Ed invero, la decisione impugnata si sottrae ai rilievi critici di parte ricorrente, avendo pienamente ottemperato al dictum del Supremo Collegio, offrendo un percorso motivazionale che da conto della compiuta rivisitazione delle risultanze di causa senza incorrere nei profili di illegittimità e nelle incongruenze motivazionali che avevano dato causa all’annullamento della precedente sentenza di appello.
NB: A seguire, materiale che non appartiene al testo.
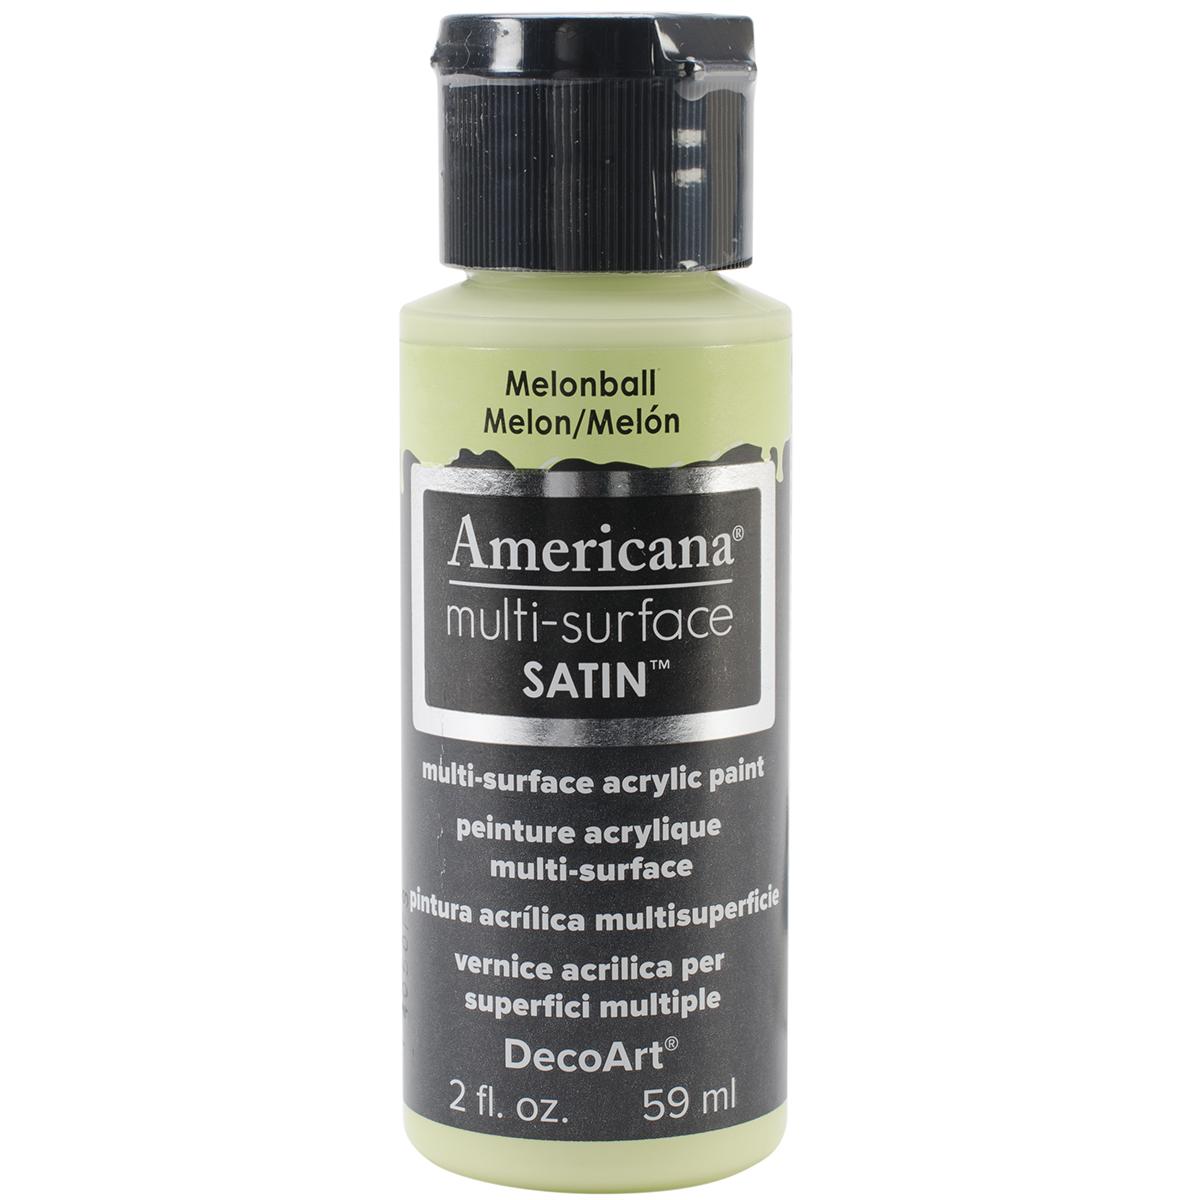 Americana Multi-Surface Satin Acrylic Paint 2oz-Melonball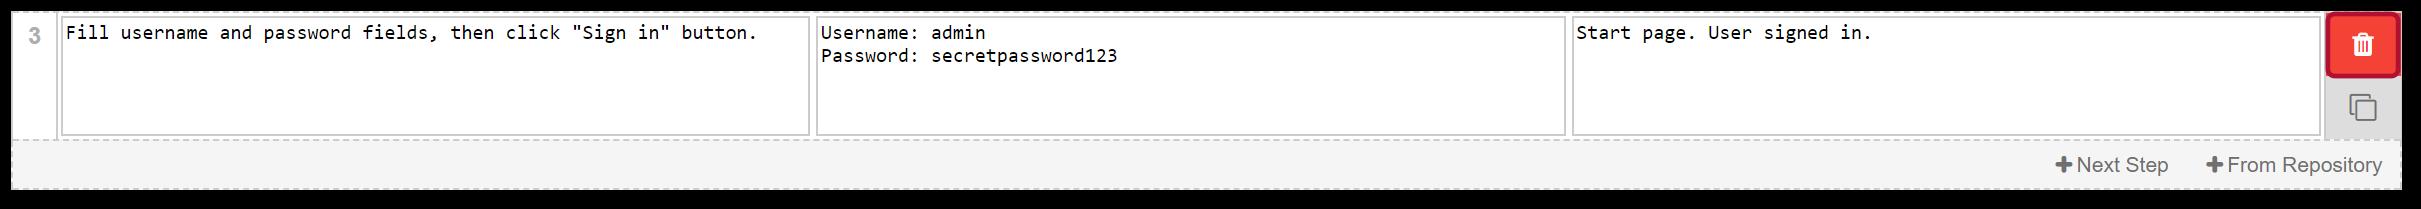 TestFLO Cloud: Delete Step

In particolare, è ineccepibile l’esame critico delle propalazioni del collaboratore di giustizia O., prudentemente vagliate secondo i canoni valutativi fissati da indiscusso insegnamento di questa Corte regolatrice. Ed infatti, ad uno scrupoloso vaglio di credibilità intrinseca, positivamente compiuto anche alla luce di quanto eccepito dalla difesa su asserite ragioni di risentimento del propalante nei confronti dei F., il giudice a qua ha valutato l’attendibilità intrinseca ed estrinseca del narrato accusatorio, apprezzando le risultanze di causa addotte come elementi di conferma nella corretta logica indicata da questo Giudice di legittimità, ossia come dati di mero riscontro e non già come elementi probatori astrattamente dotati di autonoma capacità dimostrativa. Il positivo apprezzamento della piena idoneità delle menzionate emergenze processuali a fungere da momento di conferma costituisce espressione di apprezzamento squisitamente di merito, che, proprio in quanto adeguatamente argomentato, si sottrae al sindacato di questa Corte regolatrice. In siffatta valutazione il giudice a quo non è incorso in alcuna contraddizione o sbavatura in rapporto alla dinamica dei fatti ricostruita dal dichiarante, posto che la riferita presenza dei due F. accanto ad un’autovettura dello stesso tipo di quella usata nell’omicidio è significativa della disponibilità di un automezzo siffatto, da parte loro, poco prima dell’accaduto, senza poter in alcun modo risultare indicativa della diversa collocazione che gli stessi avrebbero poi assunto nel corso dell’impresa omicidiaria: F.G. a bordo di una Peugeot, e F. A. a bordo della Fiat Uno. Nè la presenza, nella prima occasione, di una terza persona che, secondo la versione del collaboratore, non avrebbe poi partecipato alla stessa missione di morte può mai assumere alcun significato o rappresentare elemento di distonia nella ricostruzione della vicenda, non significando ovviamente che quella stessa persona avrebbe poi dovuto, necessariamente, prendere parte all’impresa omicidiaria.

4. – Per quanto precede le censure oggetto d’impugnativa ed i nuovi motivi presentati sono destituiti di fondamento, sicchè il ricorso deve essere rigettato.
P.Q.M.

Rigetta il ricorso.

Testo non ufficiale. La sola stampa del bollettino ufficiale ha carattere legale.